• [GOAL OF THE EXERCISE] Omit all pictures and transcribe only the lines in the entries below that run from the line with "Arriva MAMACITA FESTIVAL" through the line with "Av417-2x Märklin h0".

• [SUPPLIED ENTRIES]
|---|

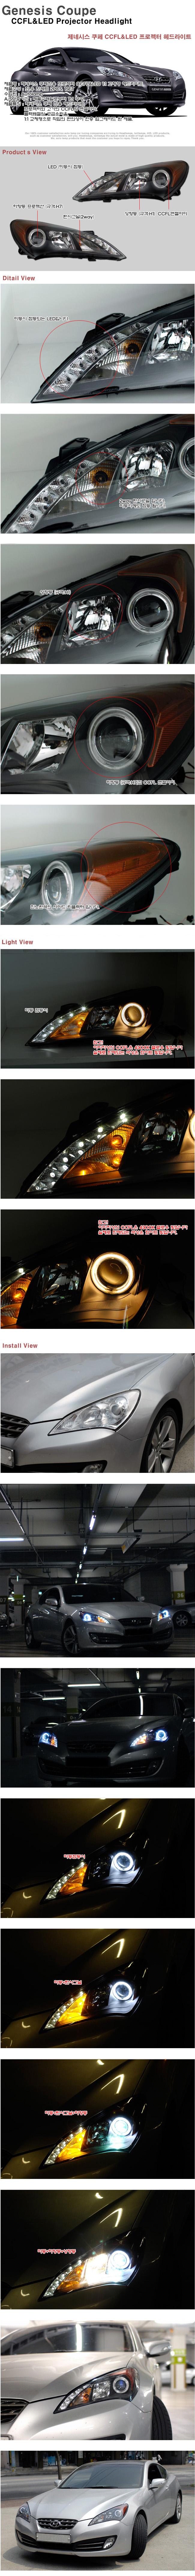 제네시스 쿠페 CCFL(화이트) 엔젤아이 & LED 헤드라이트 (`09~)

|---|

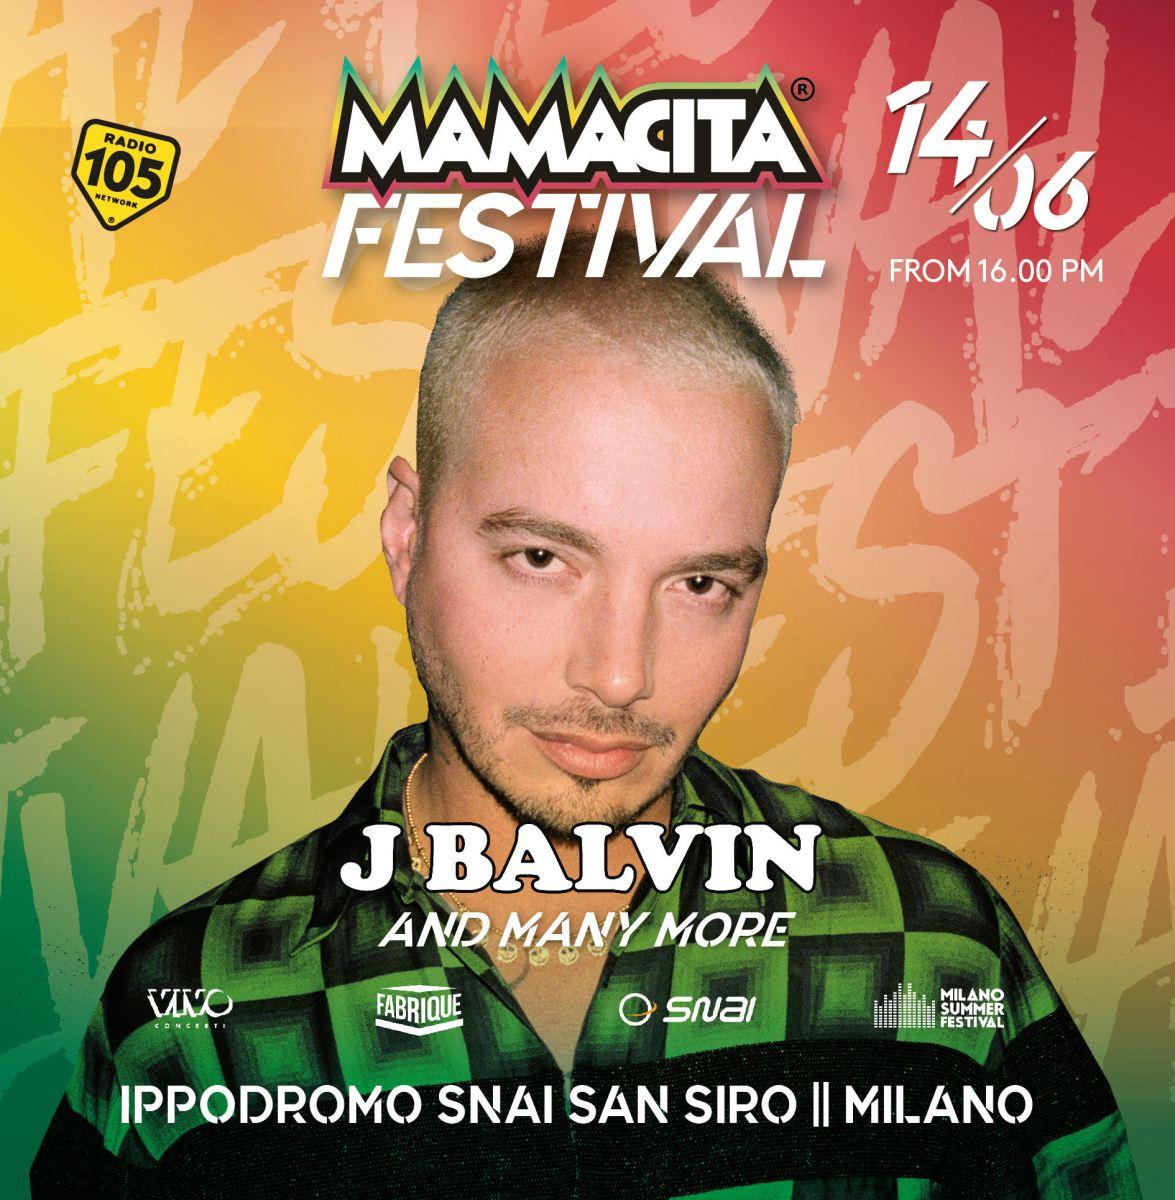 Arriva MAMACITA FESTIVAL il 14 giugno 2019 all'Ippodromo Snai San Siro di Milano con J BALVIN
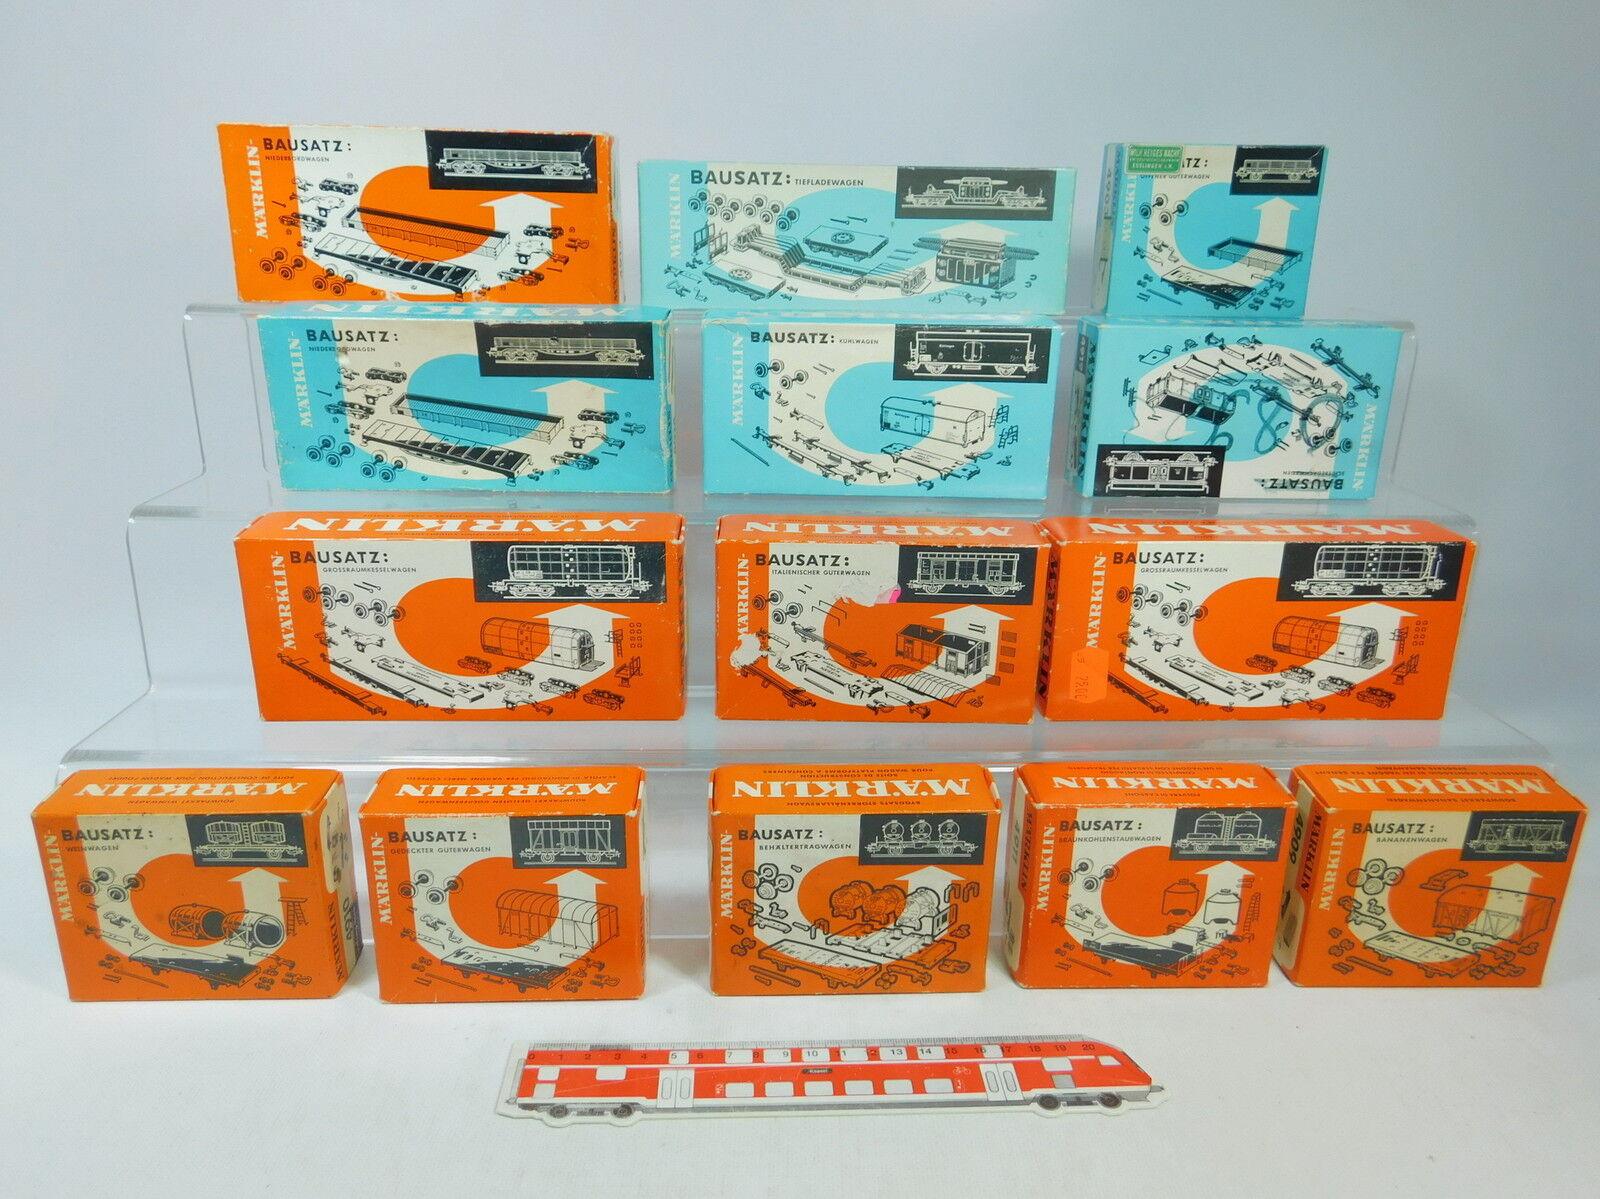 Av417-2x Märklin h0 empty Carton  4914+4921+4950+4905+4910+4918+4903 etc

|---|

• [TASK SOLUTION]
 Arriva MAMACITA FESTIVAL il 14 giugno 2019 all'Ippodromo Snai San Siro di Milano con J BALVIN
 Av417-2x Märklin h0 empty Carton  4914+4921+4950+4905+4910+4918+4903 etc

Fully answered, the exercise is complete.